Durante 48 anos, Nair foi doméstica, 37 deles na mesma casa. A patroa estranhava que ela não se considerava da família, como as amigas. “E não era mesmo. Dizia para minha patroa ‘sou negra, tenho sobrenome diferente, não faço parte da sua herança e trabalho para ter um salário.”
Sobre a recente emenda das domésticas que gerou apreensão entre as trabalhadoras, ela é objetiva. “Embora a gente é mandada desde 1973, mas só vai avançar na medida em que a categoria tomar consciência da sua capacidade de luta.”
Renovação e gênero
Paula Neto, 34, está na outra ponta da gangorra em que se encontra Nair. Presidente do Sindicato das Trabalhadoras Domésticas de Bagé e Região, ela começou a trabalhar aos 16 anos e não parou mais.
A indignação diante da exploração das jornadas de até 16 horas foi o que a fez procurar a CUT no estado e, um mês após a PEC das Domésticas ser aprovada, ela fundava o sindicato.
Como a organização não tem recursos para que possa se afastar do trabalho, no tempo livre faz faxina cuida de criança e de idosos. Tudo para não abandonar a causa. “O movimento é bonito e acho que temos de aprender a ser unidas como as categorias maiores. Esse é o meu pensamento”, defende.

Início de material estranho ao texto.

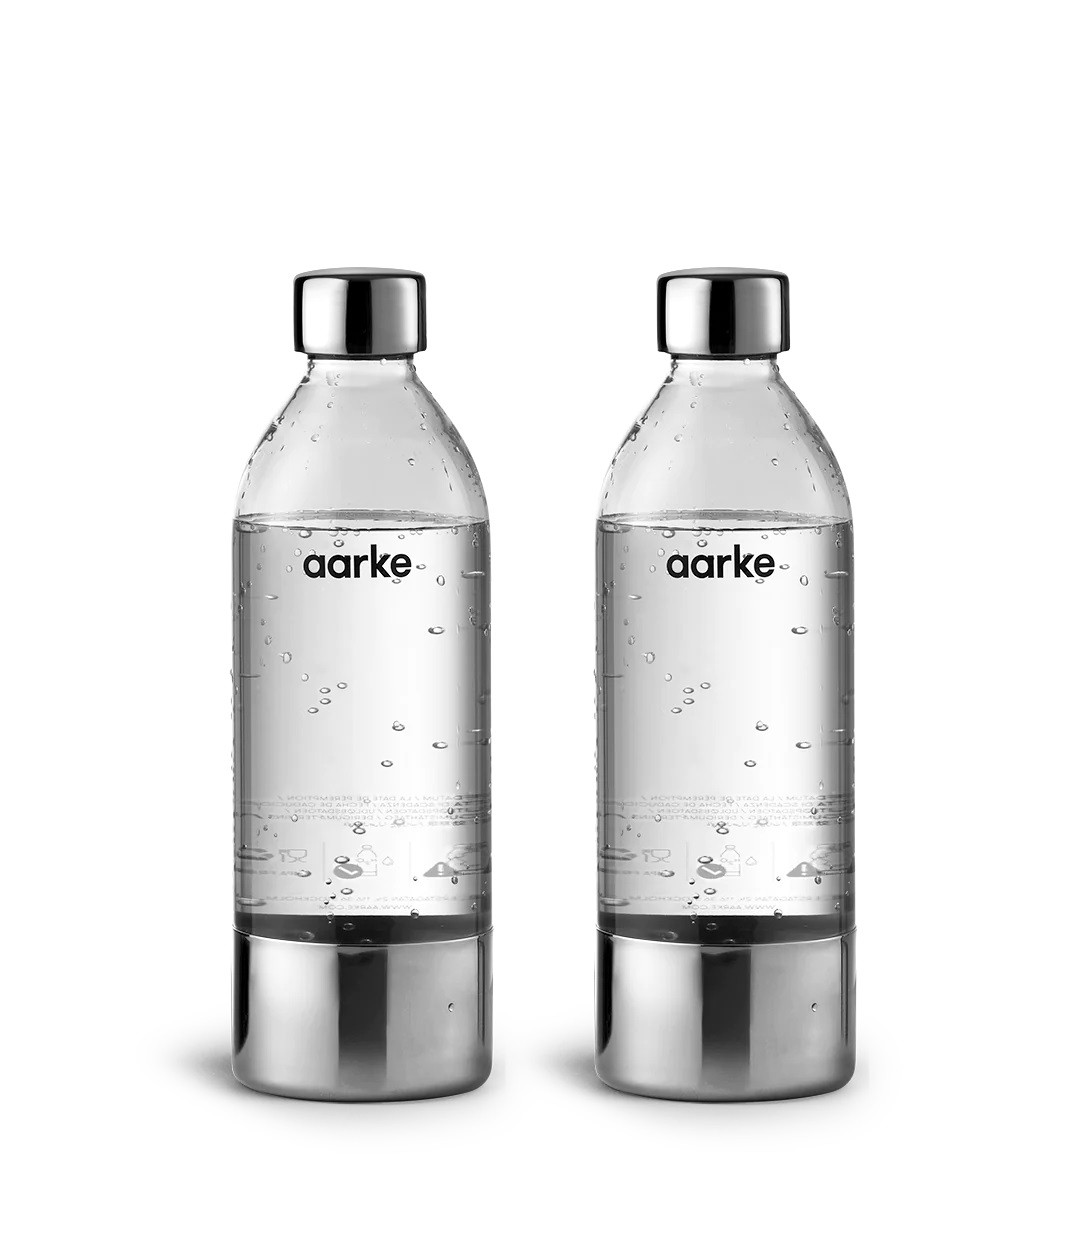  Water Bottle AARKE, 2 pack, 450ml, Polished Steel / A1202 / 4280052

Numa categoria em que a esmagadora maioria é do sexo feminino, o baiano Francisco Xavier de Souza, 40, chama a atenção. Mas se o gênero não é comum na profissão, a história se assemelha a milhares de mulheres.

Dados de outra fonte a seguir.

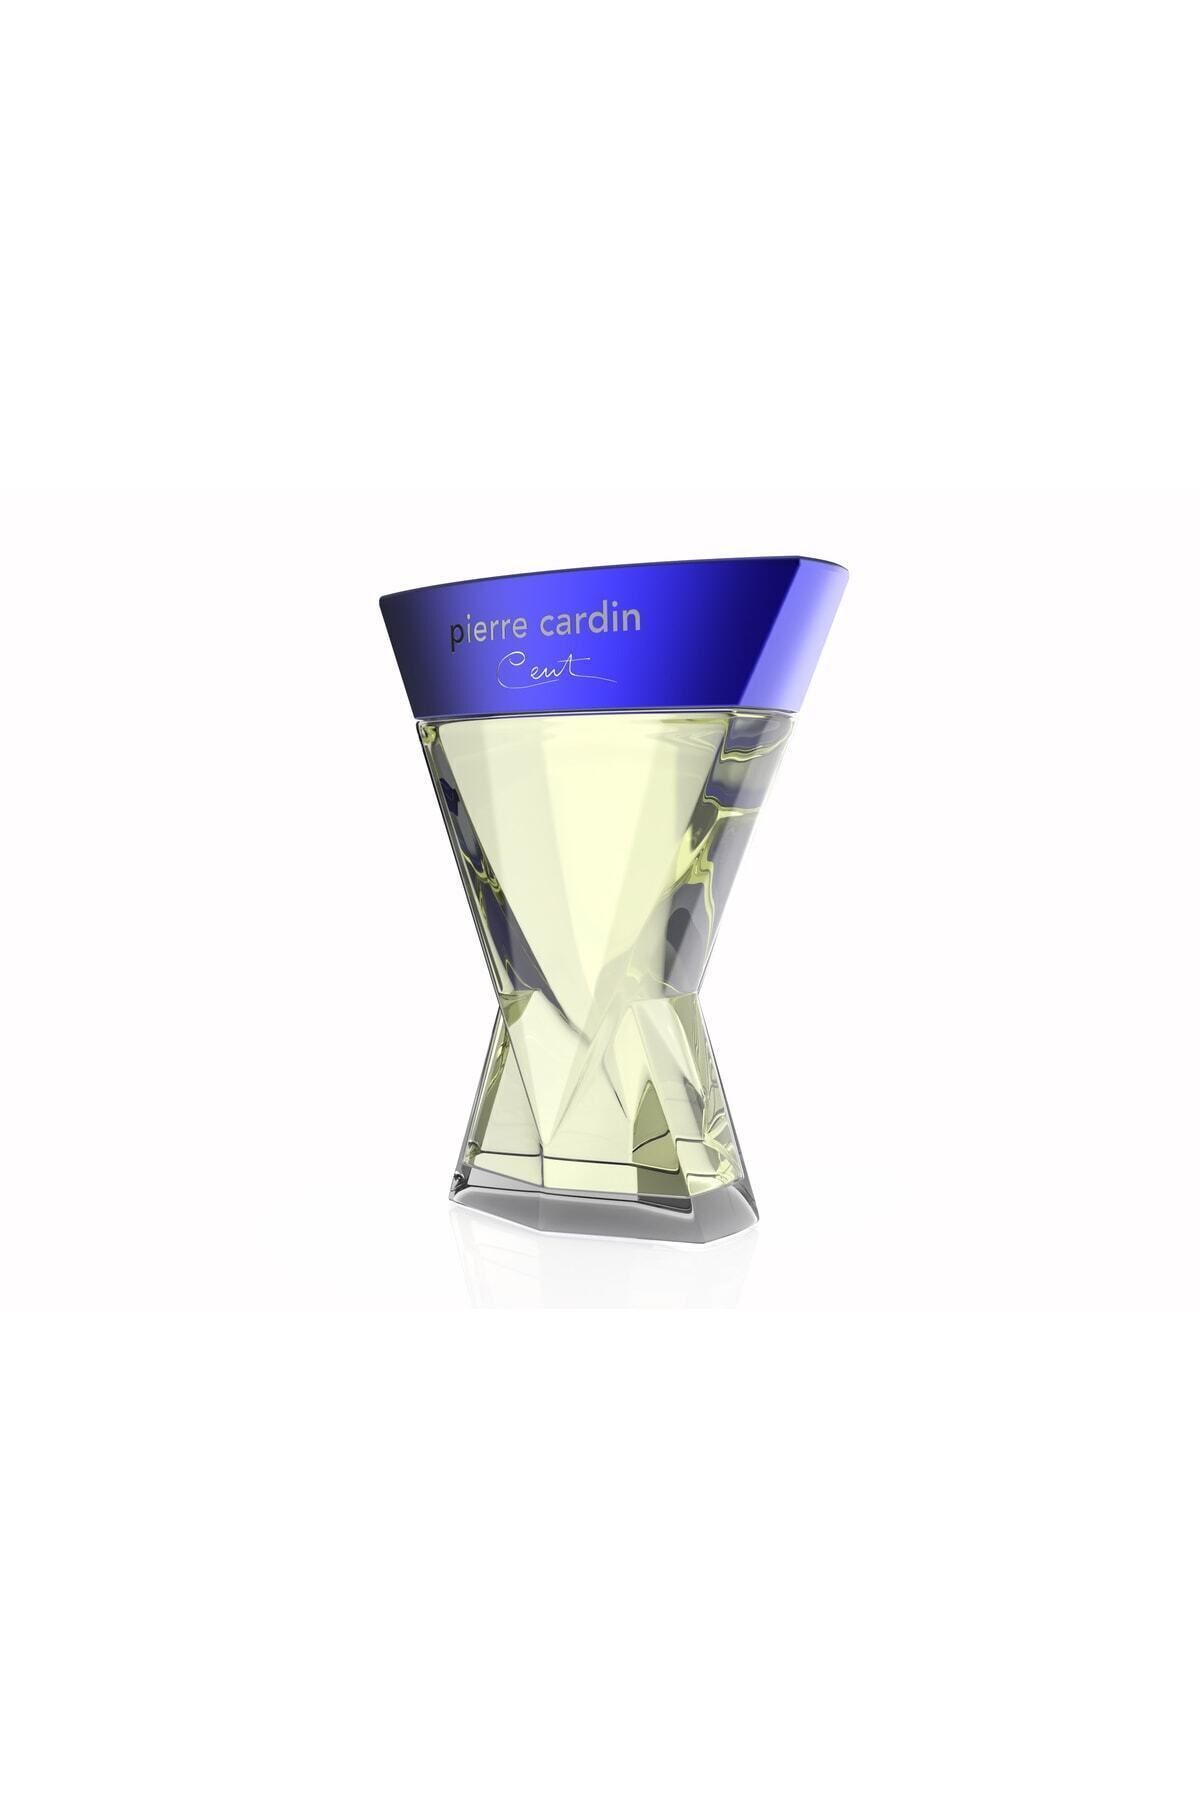 Pierre Cardin Mandarin, Bergamot and Pepper Top Notes Unique Unisex Perfume 90ml

Logo aos 10 anos, foi trabalhar e morar com uma família rica de Salvador. Em troca, os patrões mandavam uma pequena quantia à mãe e se comprometeriam com os estudos. Sem estudar e ainda vítima de maus tratos, deixou o lugar e foi morar com outra família, com quem está até hoje, já registrado como empregado doméstico.

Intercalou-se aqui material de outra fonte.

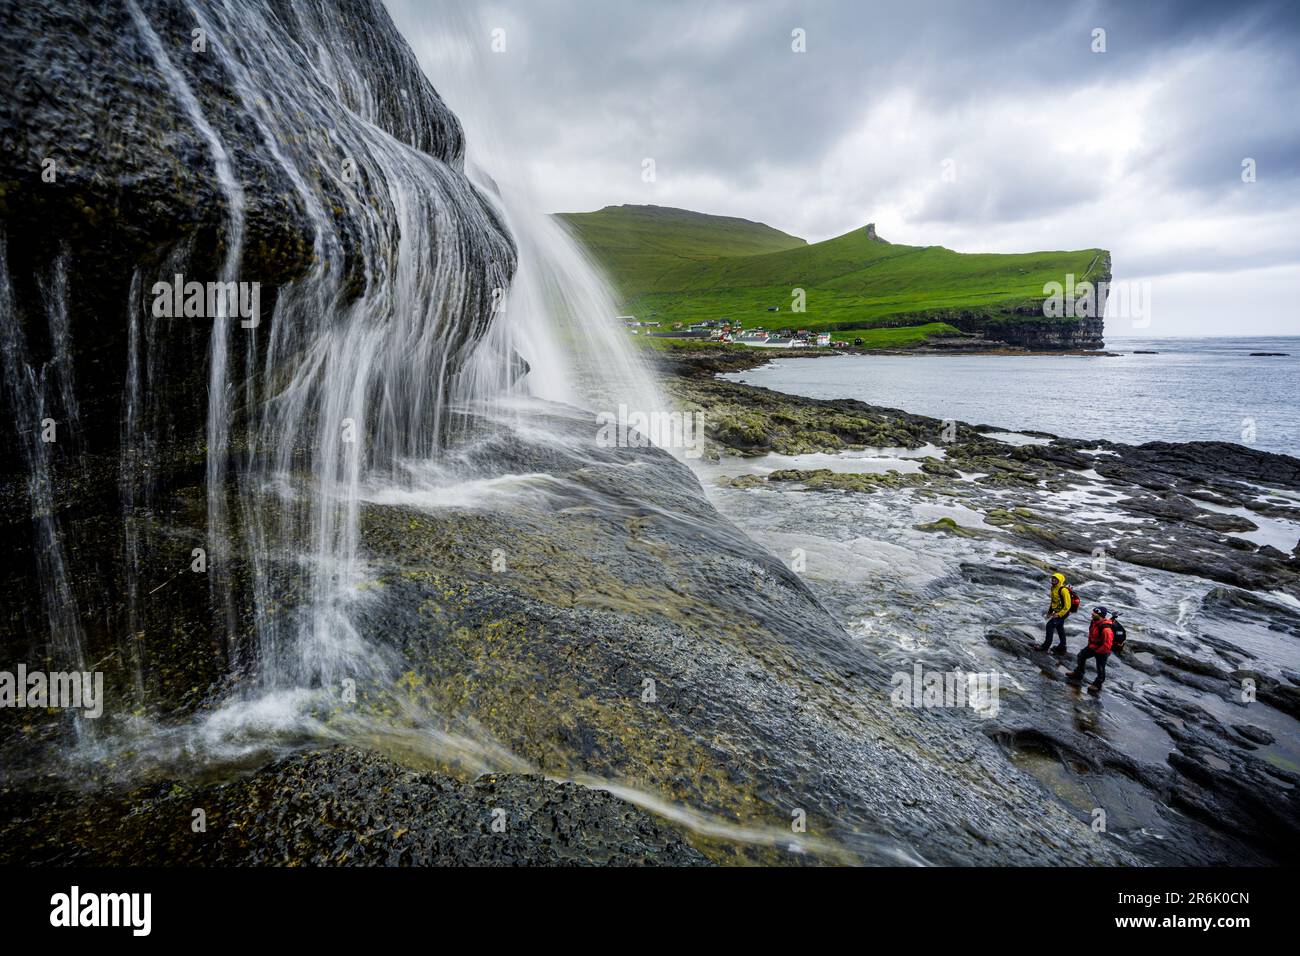 Vista ad angolo alto di due escursionisti che ammirano una maestosa cascata che si erge sulle scogliere, Gjogv, Isola di Eysturoy, Isole Faroe, Danimarca, Europa Foto Stock

Contra a vontade da patroa, uma professora universitária, resolveu estudar, depois da vergonha de que sentiu ao mal conseguir assinar o nome na dispensa do serviço militar. Conseguiu concluir o segundo grau, além de cursos técnicos e de tirar a habilitação.
A vida sindical começou há oito anos, após ouvir uma entrevista no rádio da presidenta licenciada da Federação Nacional das Trabalhadoras Domésticas, Creuza Oliveira. “Eu me apaixonei pela luta e pela possibilidade de poder mudar e acabar com exploração que também sofria”, lembra.
Hoje secretário geral da Fenatrad e diretor do departamento social do Sindicato das Trabalhadoras Domésticas da Bahia, Francisco conta que um dia já sentiu vergonha de dizer qual era sua profissão, mas a situação mudou quando compreendeu o valor da sua função social.
“Depois que entendi a importância do meu trabalho, percebi que sem mim minha patroa não poderia dar aula na faculdade e meu patrão não poderia ir para o escritório. Se nós conseguimos um grau de organização para fazer uma paralisação, não vai ter médico no consultório, advogado no escritório e nem político na assembleia. Isso mostra o poder que temos se nos unirmos”, alerta.